Internal Revenue Service (IRS), a statutory body in the United States, will bring a new regulation for crypto intermediaries into effect. Reuters, a news agency, reports that cryptocurrency exchanges and payment processors would have to inform of transactions associated with digital assets.
The Proposed Rule Could Assist Crypto Users in Tax Evaluation
The U.S. Department of Treasury has proposed the form namely Form 1099-DA. The bill would assist cryptocurrency users in evaluating gains and taxes on their assets. In short, it requires brokers to report information similar to other assets including bonds and stocks, says the Treasury.
Moreover, centralized as well as decentralized cryptocurrency exchanges, crypto wallets, and payment processors will fall under the “broker” umbrella. The latest requirements come following the Bipartisan Infrastructure Bill which President Joe Biden signed into law in November 2021.
Affected entities will have to report information regarding transactions exceeding $10,000. Rules will come into effect in 2025, reports Reuters. According to the Treasury, “This is part of a broader effort at Treasury to close the tax gap, address the tax evasion risks posed by digital assets, and help ensure that everyone plays by the same set of rules.”
A Robust Regulatory Structure is Required
Recently, Indian Prime Minister, Narendra Modi discussed cryptocurrencies during an interview with India Today, an Indian news magazine. Attributing to the rapid development in the technology sector, he said, “The rapid pace of change of technology is a reality—there is no point in ignoring it or wishing it away. Instead, the focus should be on adoption, democratization, and a unified approach.”
In the meantime, he also emphasized on a robust global regulatory structure for emerging technologies including cryptocurrency. Like most countries, no central authority is regulating digital assets in India currently. However, according to the Finance Act 2022, crypto falls under Virtual Digital Assets (VDAs) and is subject to 30% tax.
The reason behind strict regulatory perception remains the potential risks associated with crypto assets. Recently, the Commodity Futures Trade Commission (CFTC), the U.S. derivatives market watchdog, charged four individuals for false solicitation of funds.

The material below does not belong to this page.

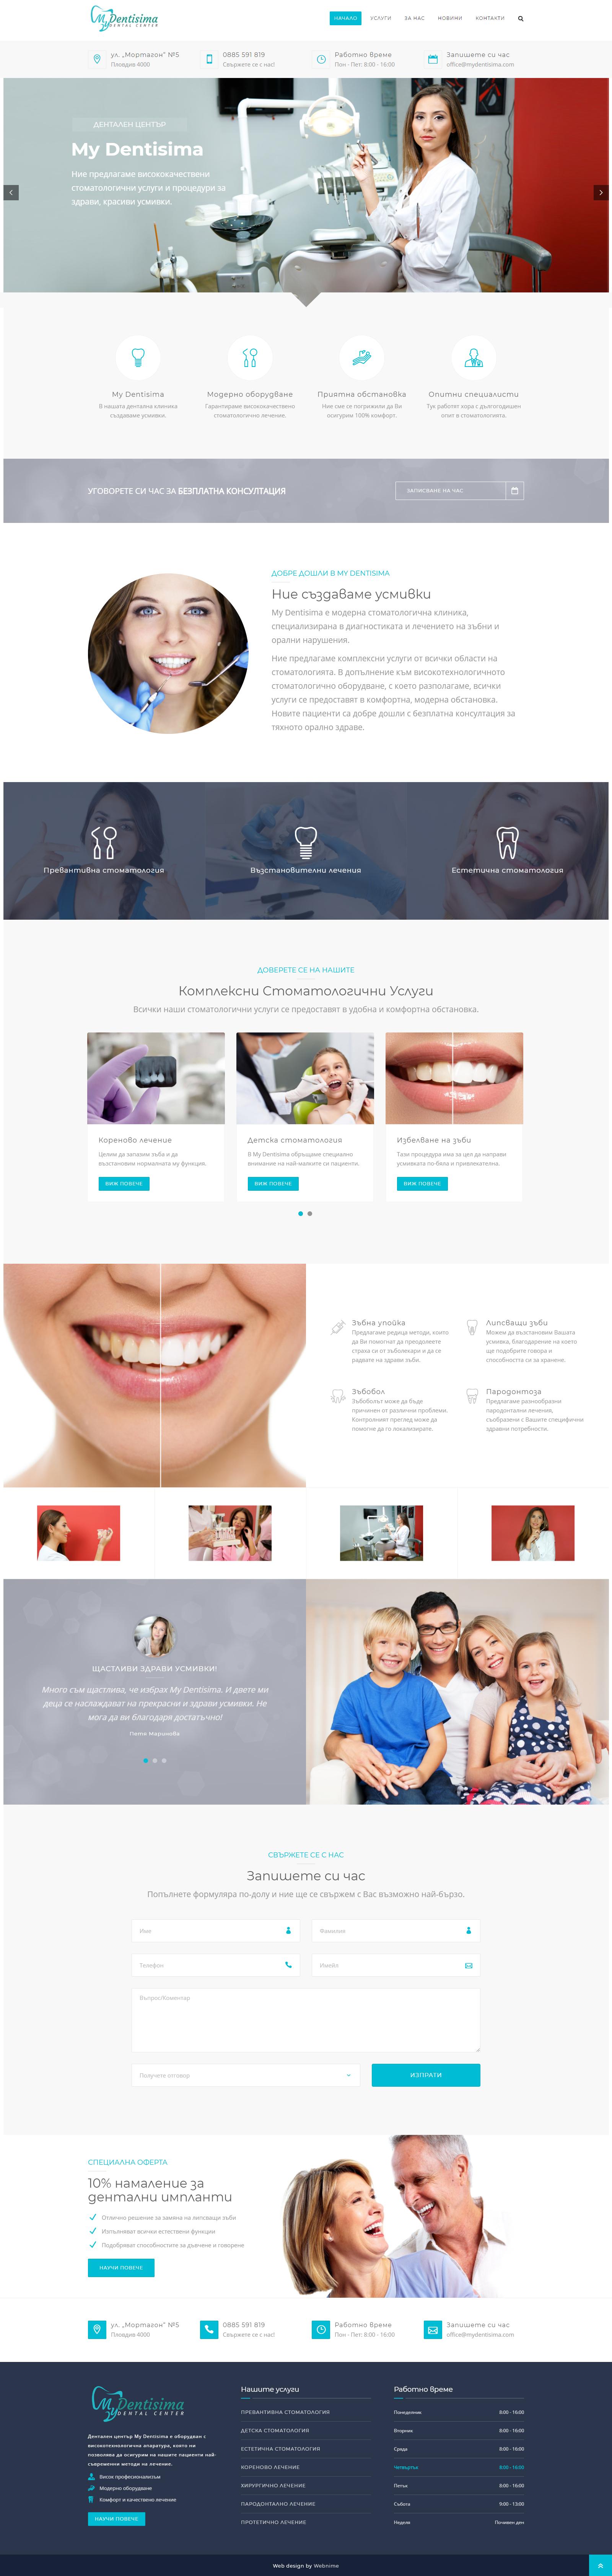 Mydentisima, zubna ordinacija

The North American Securities Administrators Association (NASAA), an investor protection organization, called crypto assets the top threat for investors in 2022. However, the market was on a constant rise in 2021 with several virtual currencies including Bitcoin (BTC), Ethereum (ETH), Solana (SOL), and more, reaching their all-time high.
Regulations are among the prime factors affecting crypto adoption. Nevertheless, only a couple of countries, El Salvador and the Central African Republic (CAR), are using cryptocurrency as a legal tender. In 2022, the news media website CNBC TV18 published a list of nations that may adopt Bitcoin as a legal tender.